도 2는 일 실시예에 따른, 예시적 검색/인덱싱 시스템(200)을 나타낸다. 이런 실시예에서, 시스템(200)은 풀-텍스트 검색/인덱싱 프로세스(즉, 주 프로세스)(202), 풀-텍스트 인덱싱 샌드박스(sandbox) 프로세스(즉, 샌드박스 프로세스)(204), 문서 데이터저장소(206), 및 풀-텍스트 카탈로그(catalog) 데이터(즉, 인덱스) 데이터저장소(208)를 포함한다. 이런 실시예에서, 주 프로세스(202)는 높은 우선순위 I/O 쿼리 서브시스템(즉, 쿼리 서브시스템)(210), 및 낮은 우선순위 I/O 인덱싱 서브시스템(212)을 포함한다. 이런 실시예에서, 샌드박스 프로세스(204)는 서로 다른 포맷의 문서를 일반 텍스트(plain text)로 변환하는 컴포넌트를 아이솔레이트(isolate)하는 데 이용되고, 낮은 우선순위 I/O 인덱싱/필터링 서브시스템(즉, 필터링 서브시스템)(214)을 포함한다.2 illustrates an example search / indexing system 200, according to one embodiment. In such an embodiment, the system 200 may include a full-text search / indexing process (ie, main process) 202, a full-text indexing sandbox process (ie, sandbox process) 204, document data. Storage 206, and full-text catalog data (ie, index) datastore 208. In this embodiment, main process 202 includes a high priority I / O query subsystem (ie, query subsystem) 210, and a low priority I / O indexing subsystem 212. In this embodiment, sandbox process 204 is used to isolate components that convert documents of different formats into plain text, and the low priority I / O indexing / filtering sub System (ie, filtering subsystem) 214.

이런 실시예에서, 쿼리 서브시스템(210)은 인터페이스(216)를 통해 수신된, 사용자로부터의 검색 쿼리들을 핸들링한다. 사용자는 시스템(200)에 저장된 문서 내에서 검색될 하나 이상의 키워드를 입력할 수 있다. 몇몇 실시예에서, 인터페이 스(216)를 통해 수신된 쿼리들에 응답하여, 쿼리 서브시스템(210)은 쿼리들을 처리하고, 높은 우선순위 I/O 요청을 통해 인덱스 데이터저장소(208)를 액세스한다. 예를 들어, 쿼리 서브시스템(210)은 키워드(들)을 찾기 위해 인덱스를 검색할 수 있고, 인덱스로부터 키워드(들)을 포함하는 문서(들)의 목록을 획득할 수 있다. 프로세스 및/또는 쓰레드에 대한 CPU 우선순위가 선택될 수 있는 실시예에서, 쿼리 서브시스템(210)은 높은 우선순위 CPU 처리에 대하여 설정될 수 있다. 이런 구성(즉, I/O 및 CPU 우선순위를 높은 우선순위로 설정하는 것)은 사용자가 통상적으로 가능한 빨리 검색 결과를 원하고, 시스템 리소스를 검색에 전용하길 원하기 때문에 이점이 될 수 있다.In this embodiment, query subsystem 210 handles search queries from the user, received via interface 216. The user may enter one or more keywords to be searched for within the document stored in the system 200. In some embodiments, in response to queries received via interface 216, query subsystem 210 processes the queries and accesses index datastore 208 via a high priority I / O request. . For example, query subsystem 210 may search the index to find keyword (s) and obtain a list of document (s) containing the keyword (s) from the index. In embodiments in which CPU priorities for processes and / or threads may be selected, query subsystem 210 may be set for high priority CPU processing. This configuration (ie, setting the I / O and CPU priorities to high priority) can be advantageous because the user typically wants the search results as soon as possible and dedicates system resources to the search.

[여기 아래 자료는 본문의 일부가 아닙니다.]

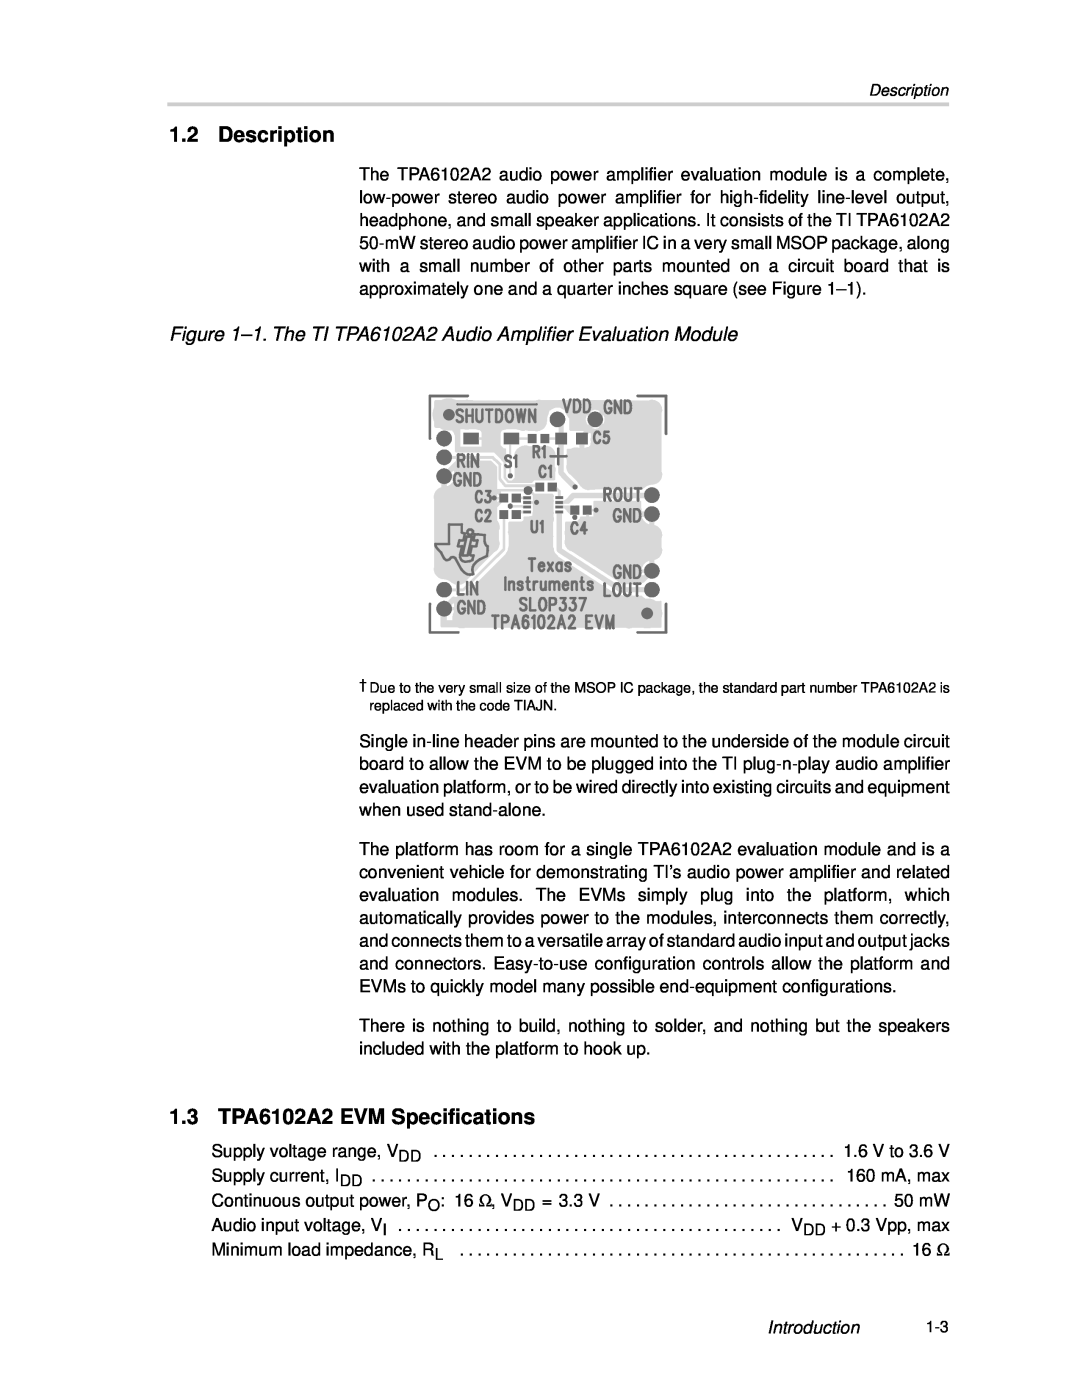 Texas Instruments manual Description, 1.3 TPA6102A2 EVM Specifications, Introduction 
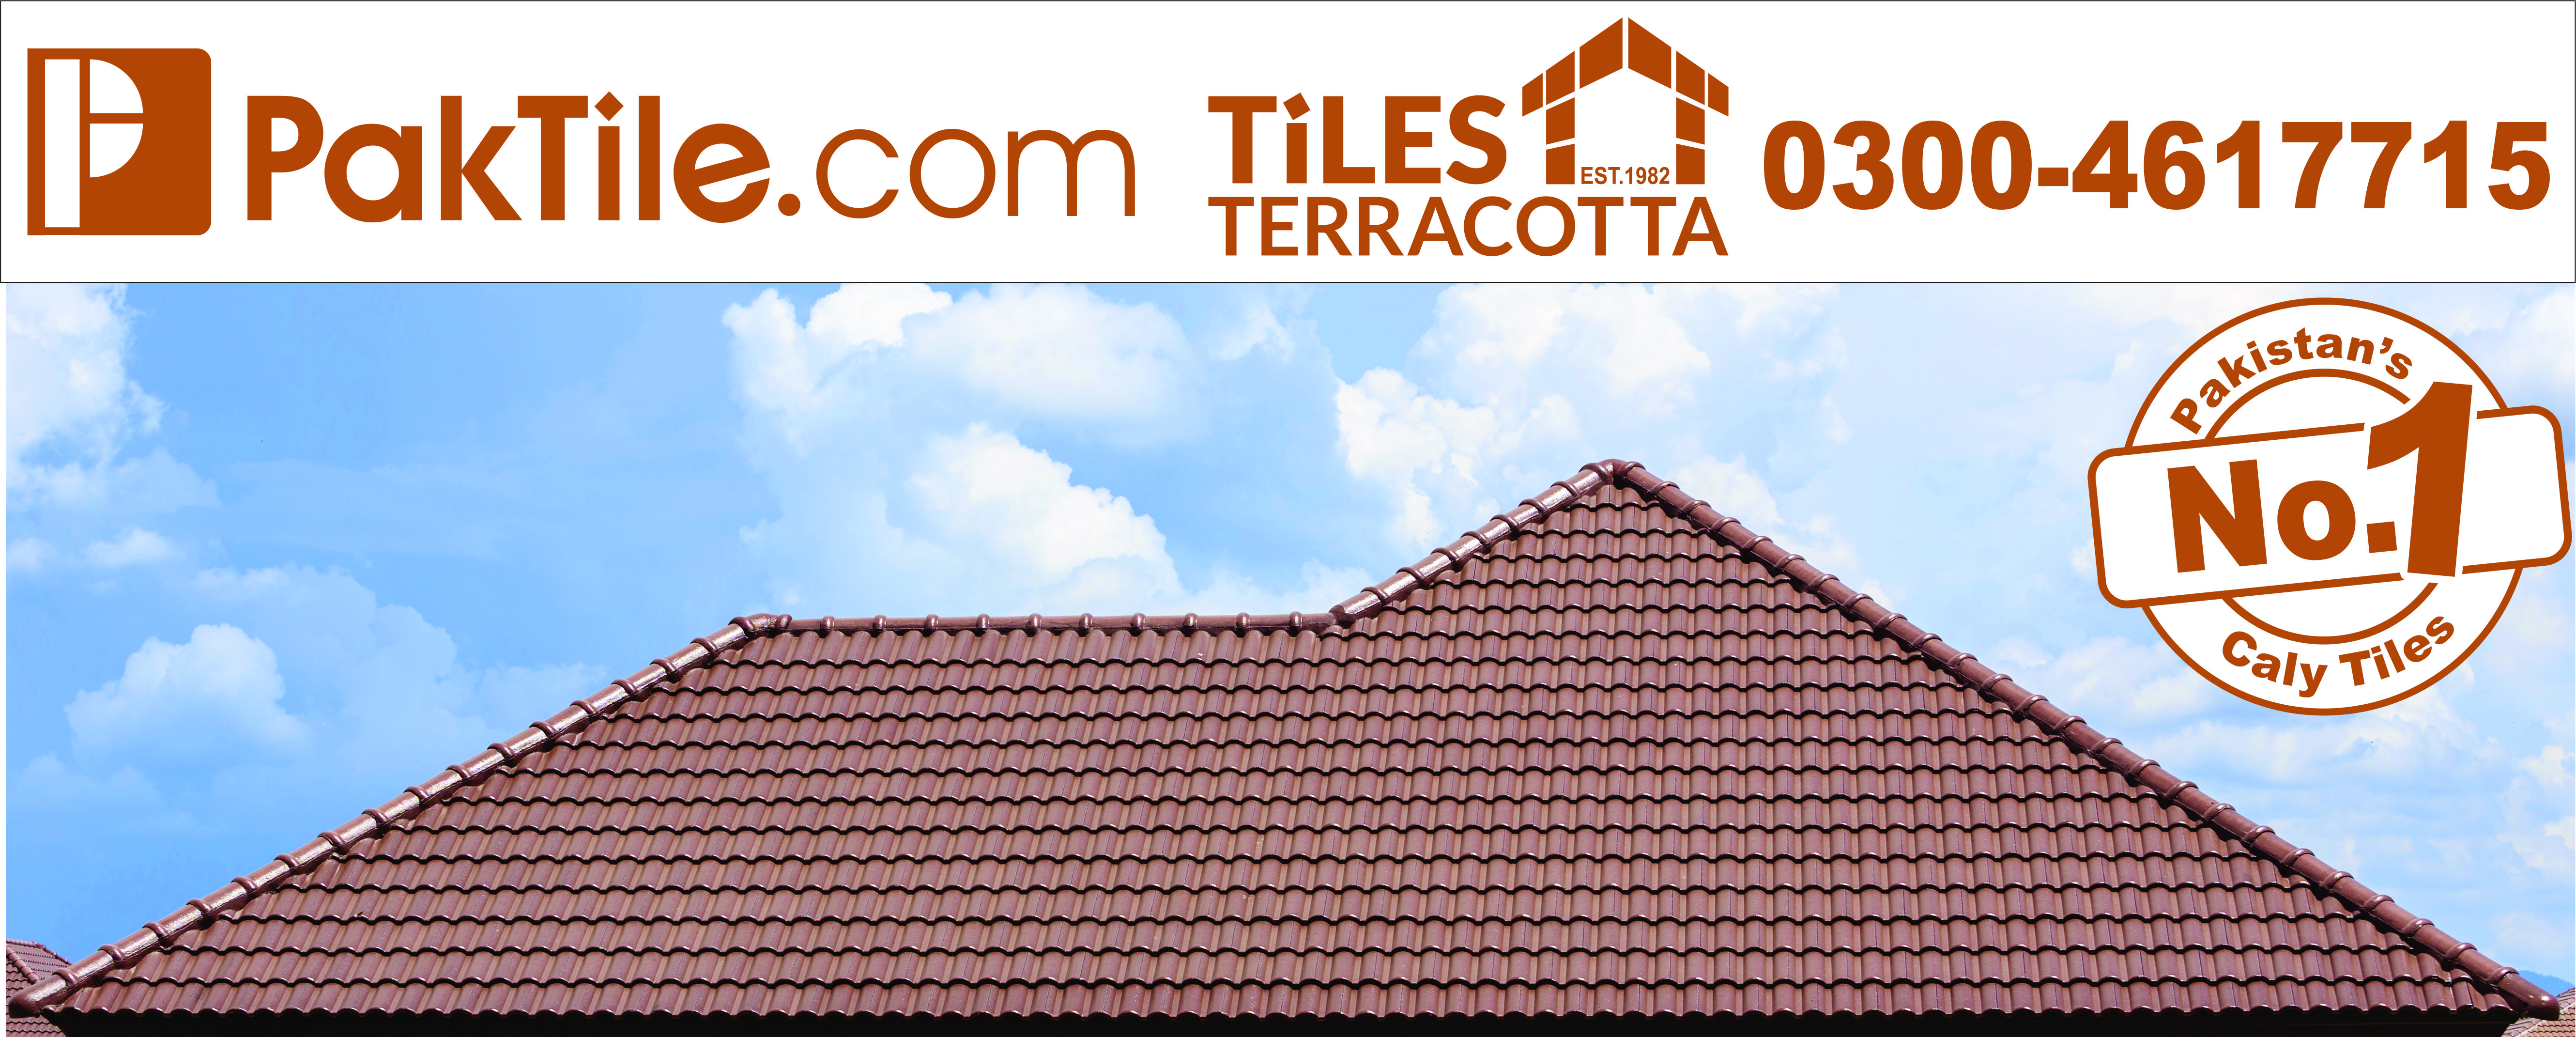 5 Pak clay tiles lahore roofing tiles terracotta roof tiles colours roof tile designs in karachi images

이런 실시예에서, 낮은 우선쉰위 I/O 인덱싱 서브시스템(212)은 문서에 대한 풀-텍스트 검색에 이용되는 인덱스를 생성한다(build). 예를 들어, 낮은 우선순위 I/O 인덱싱 서브시스템(212)은 데이터(예컨대, 단어들, 및 단어들을 포함하는 문서의 문서 식별자들)를 샌드박스 프로세스(204)로부터 획득하고, 그런 다음 이 데이터를 인덱스 데이터저장소(208)에 적절하게 저장할 수 있다. 데이터를 인덱스 데이터저장소(208)에 기입하는 것은 상대적으로 I/O 집약적이다. 인덱스를 생성하는 것(예컨대, 어떤 데이터가 인덱스 데이터저장소(208) 내에 저장되는가, 및 이 데이터가 인덱스 데이터저장소(208)에 저장되는 방법을 판정하는 것)은 상대적으로 CPU 집약적이다. 이런 실시예에 따르면, 낮은 우선순위 I/O 인덱스 서브시스템(212)은 낮은 우선순위 I/O 요청들을 이용하여 데이터를 인덱스 데이터저장소(208)에 저장한다. 프로세스들 및/또는 쓰레드들에 대한 CPU 우선순위가 선택될 수 있는 실시 예에서, 낮은 우선순위 I/O 인덱싱 서브시스템(212)은 낮은 우선순위 CPU 프로세싱에 대하여 설정될 수 있다. 이런 구성(즉, I/O 및 CPU 우선순위를 낮은 우선순위로 설정하는 것)은 사용자가 통상적으로 사용자 활동(예컨대, 애플리케이션, 미디어 재생, 파일 다운로드 등을 실행시키기 위한 사용자 입력)에 대한 빠른 응답을 원하고, 인덱싱 프로세스를 지연시키길 원하기 때문에 이점이 될 수 있다.In this embodiment, low priority I / O indexing subsystem 212 builds the index used for full-text search for the document. For example, the low priority I / O indexing subsystem 212 obtains data (eg, words and document identifiers of the document containing the words) from the sandbox process 204 and then this data. Can be properly stored in the index data store 208. Writing data to the index datastore 208 is relatively I / O intensive. Creating an index (eg, determining what data is stored in the index datastore 208 and determining how this data is stored in the index datastore 208) is relatively CPU intensive. According to this embodiment, the low priority I / O index subsystem 212 stores the data in the index datastore 208 using low priority I / O requests. In embodiments in which CPU priority for processes and / or threads may be selected, low priority I / O indexing subsystem 212 may be set for low priority CPU processing. This configuration (i.e. setting I / O and CPU priority to a lower priority) allows a user to quickly respond to user activity (e.g., user input to execute an application, media playback, file download, etc.). This can be advantageous because you want to do this and want to delay the indexing process.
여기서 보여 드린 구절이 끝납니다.